Exercise details - Restate word for word the material below, starting at the line that contains "Thumbnail 2 of" and stopping after the last line; skip pictures.

Data section -
○ ○ ○

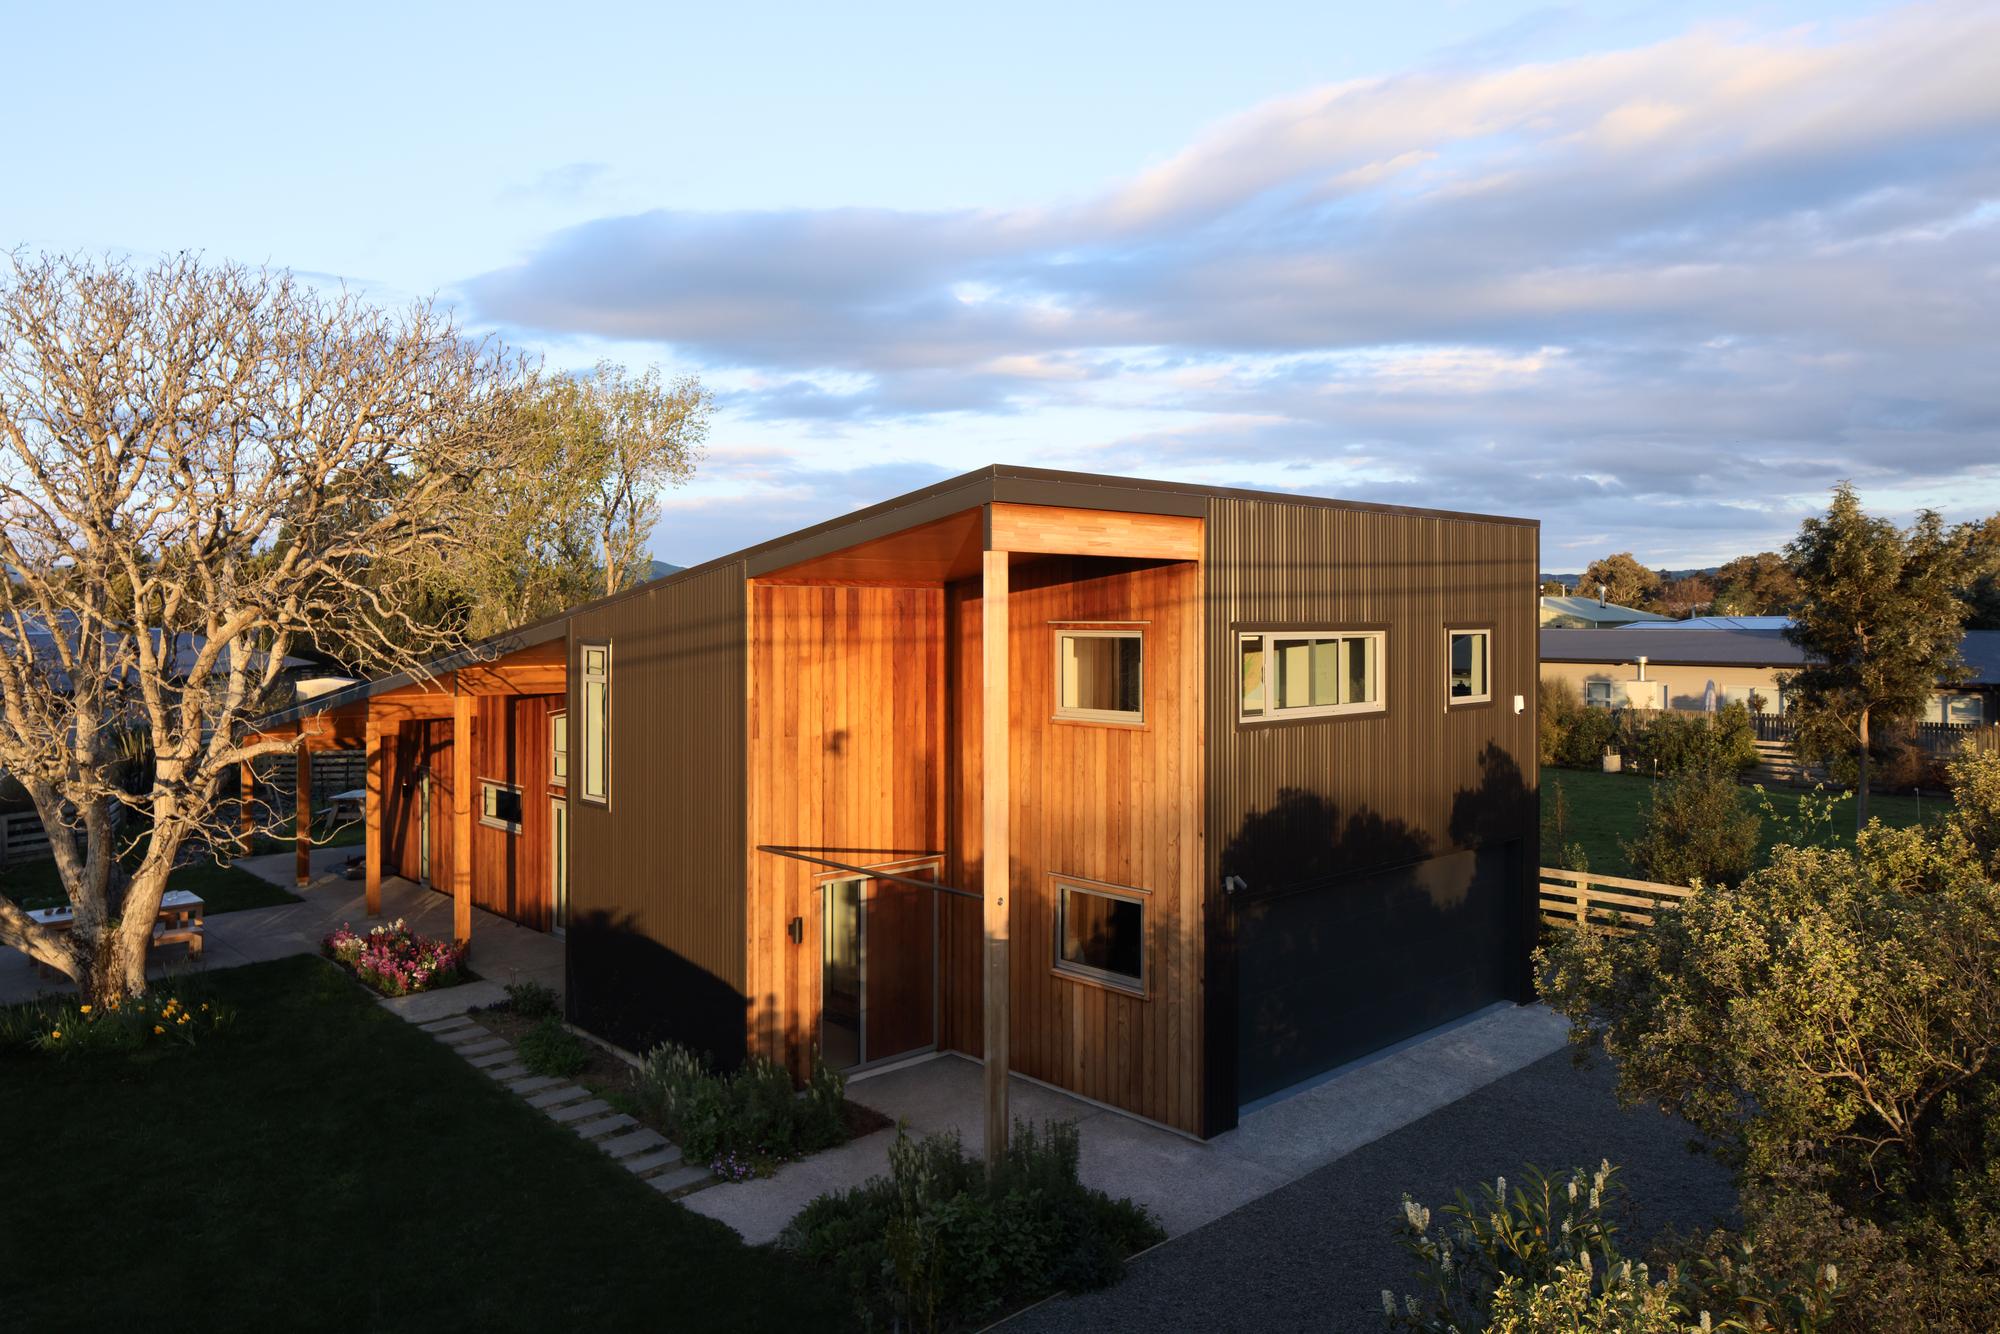 House Planes Gallery Of The Wairarapa Haybarn First Light Studio 6
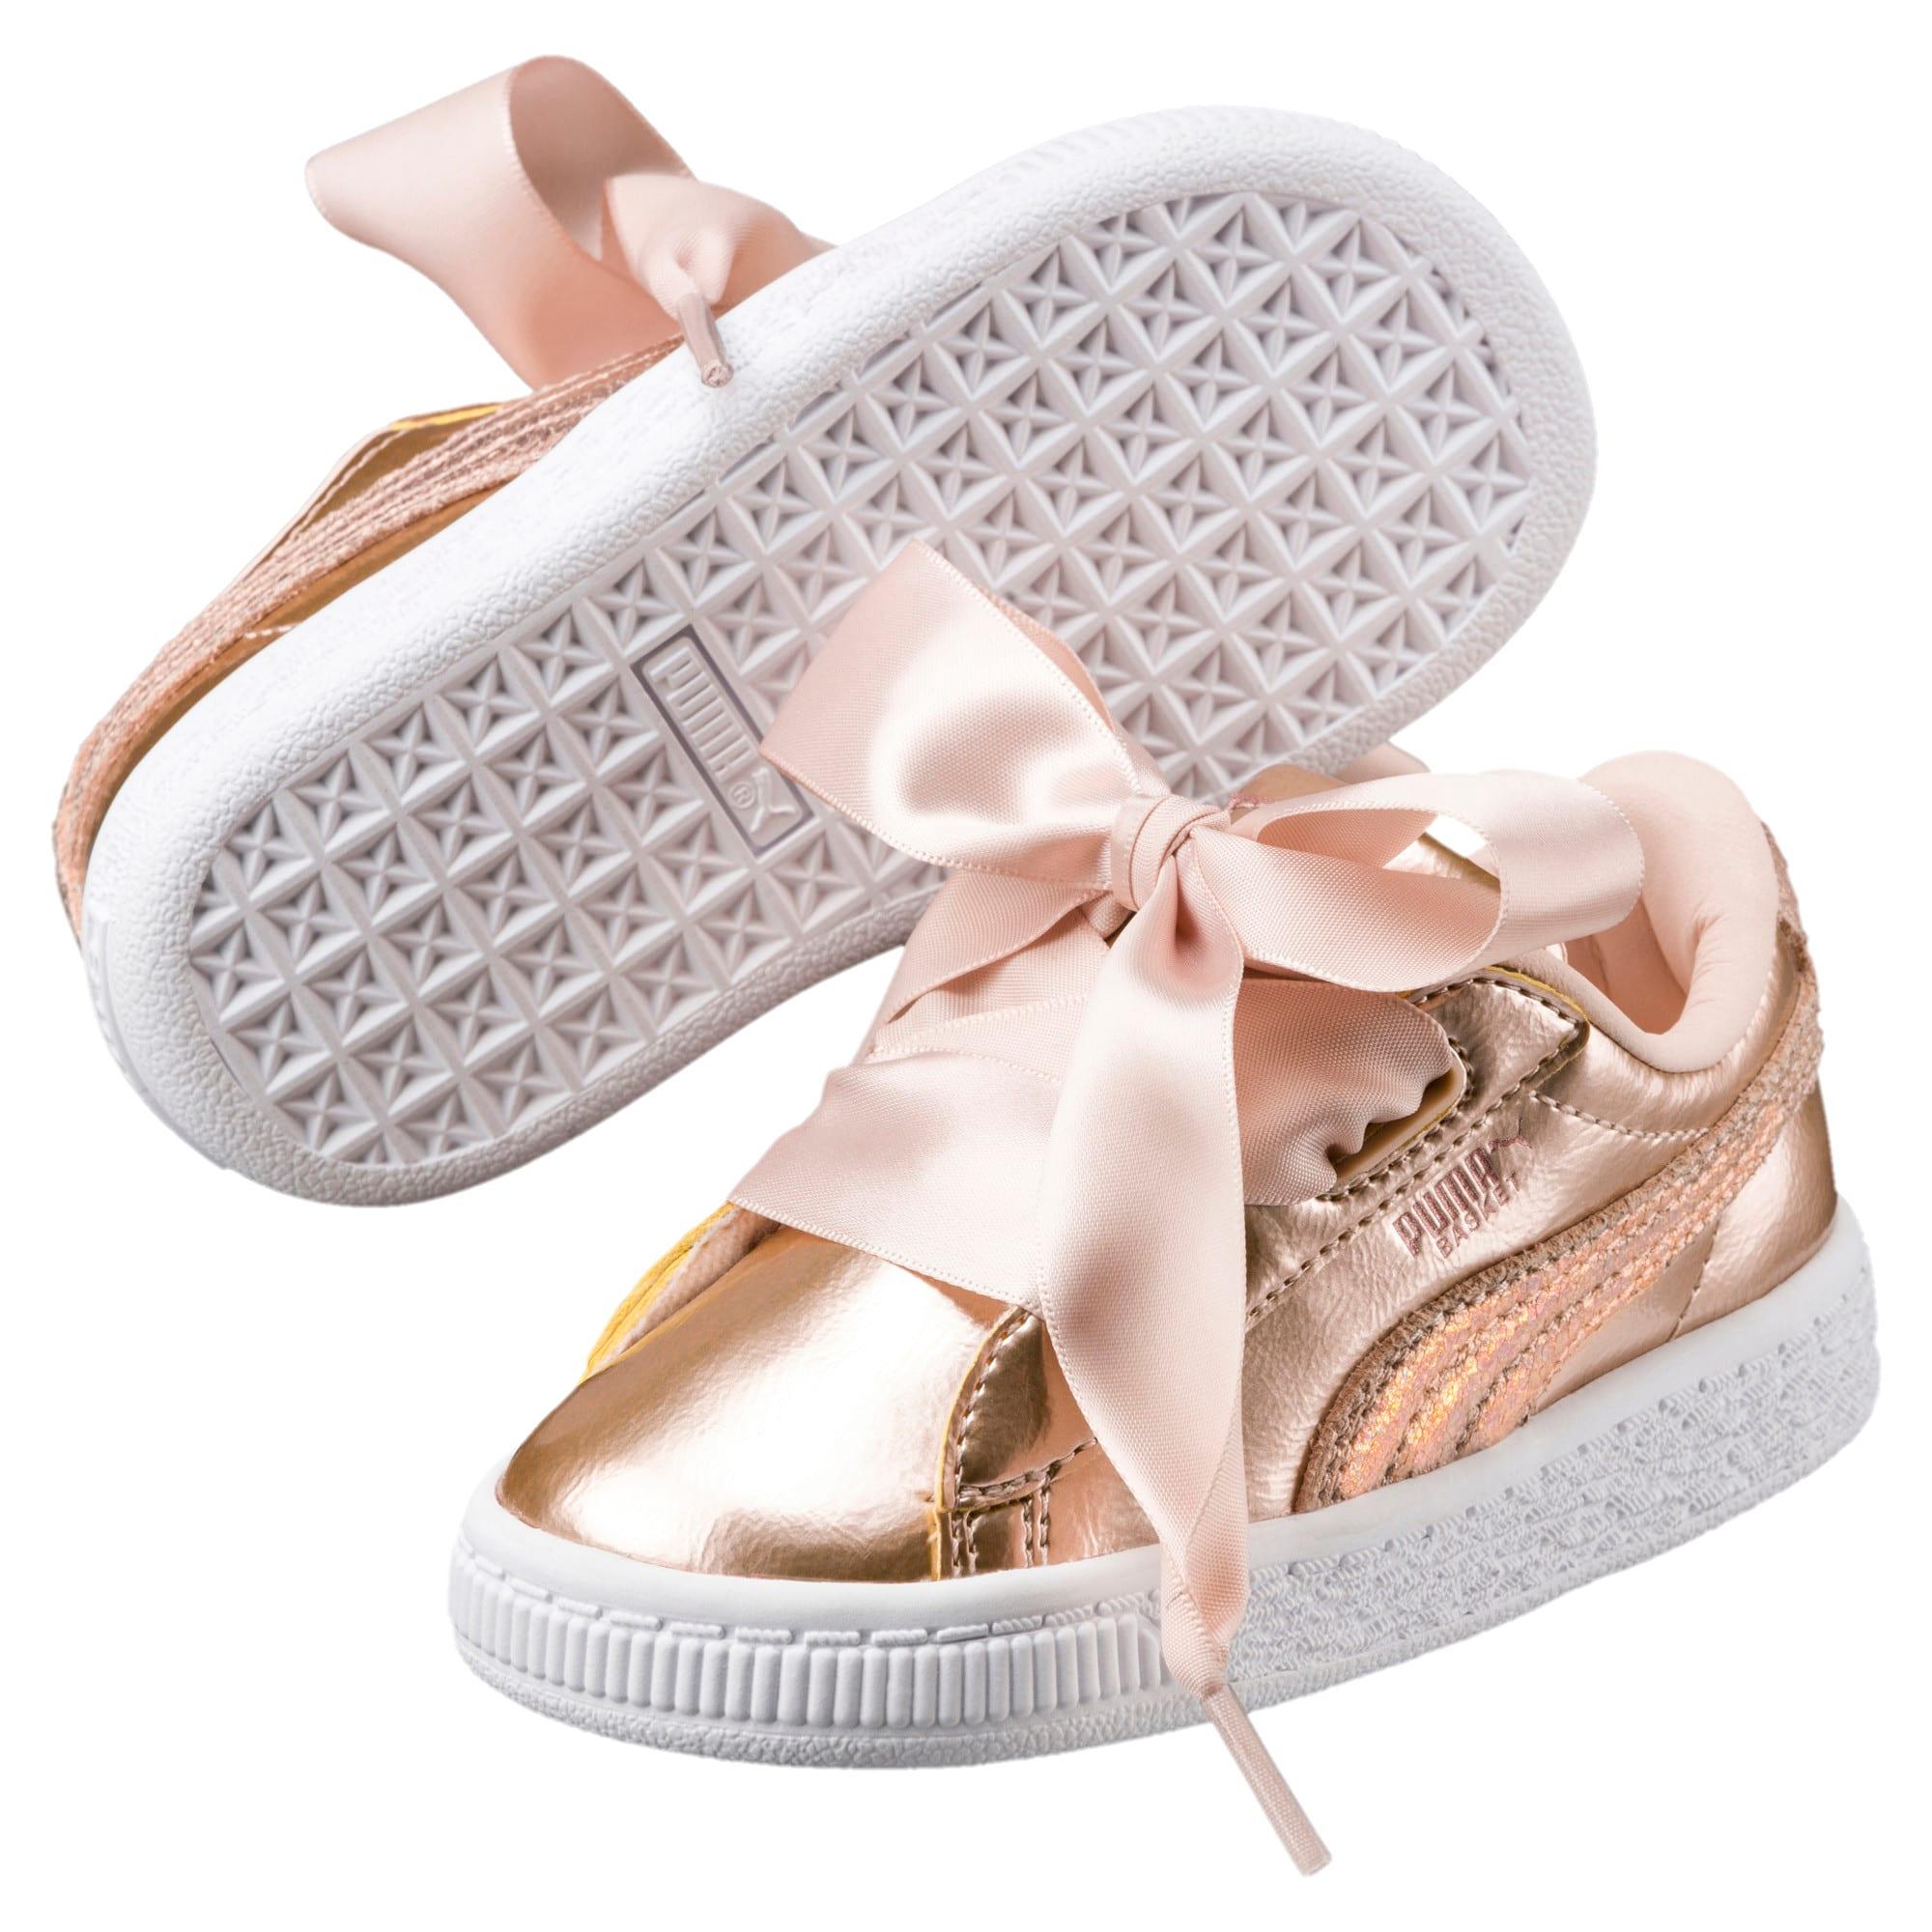 Thumbnail 2 of Basket Heart Lunar Lux Little Kids' Shoes, Cream Tan, medium
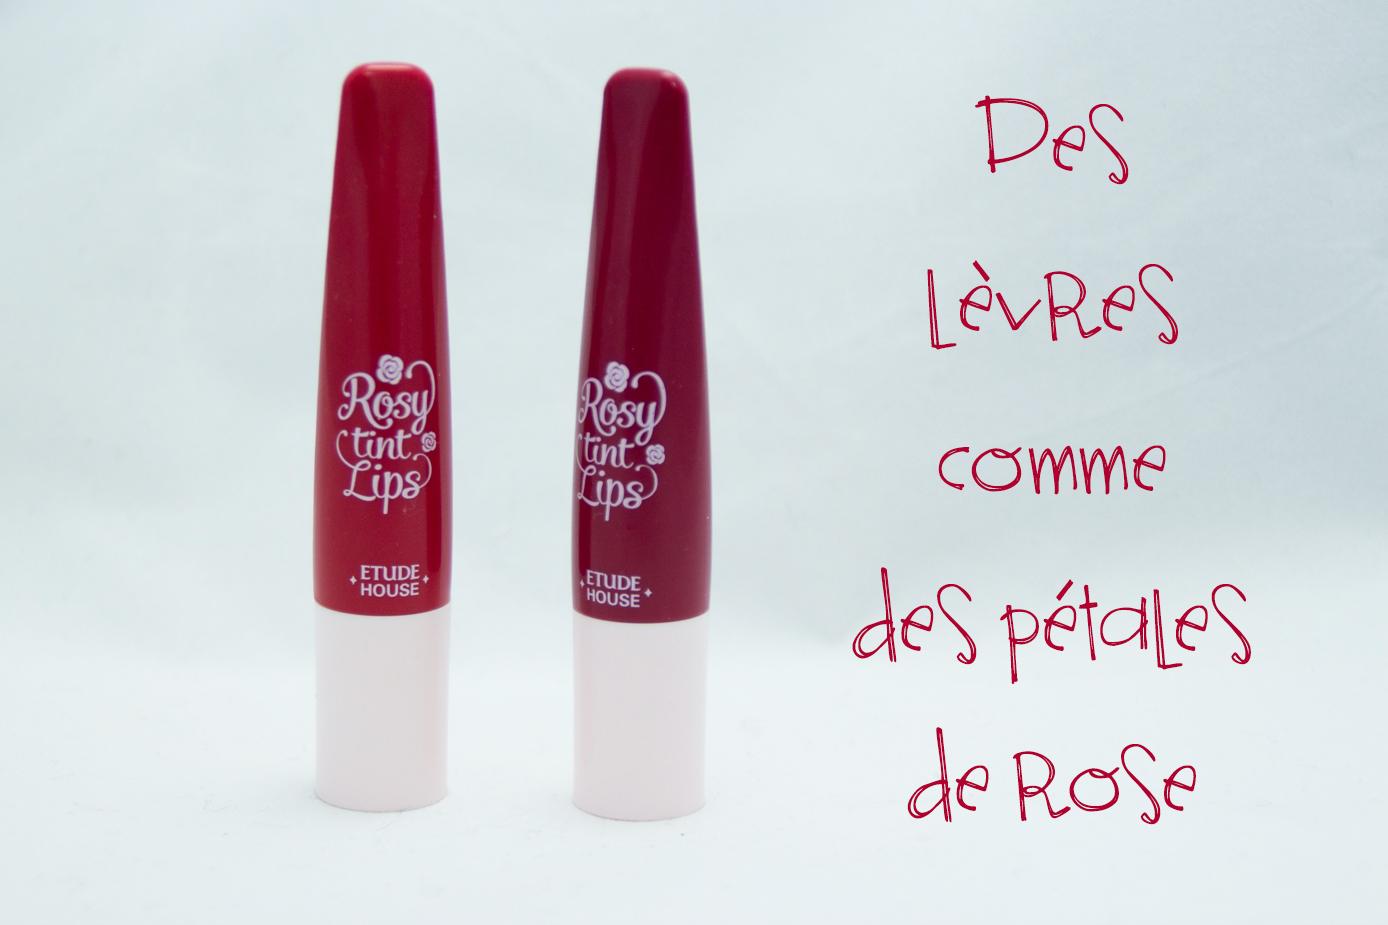 Rosy-tint-lips-10

○ ○ ○

Written answer -
 Thumbnail 2 of Basket Heart Lunar Lux Little Kids' Shoes, Cream Tan, medium
 Rosy-tint-lips-10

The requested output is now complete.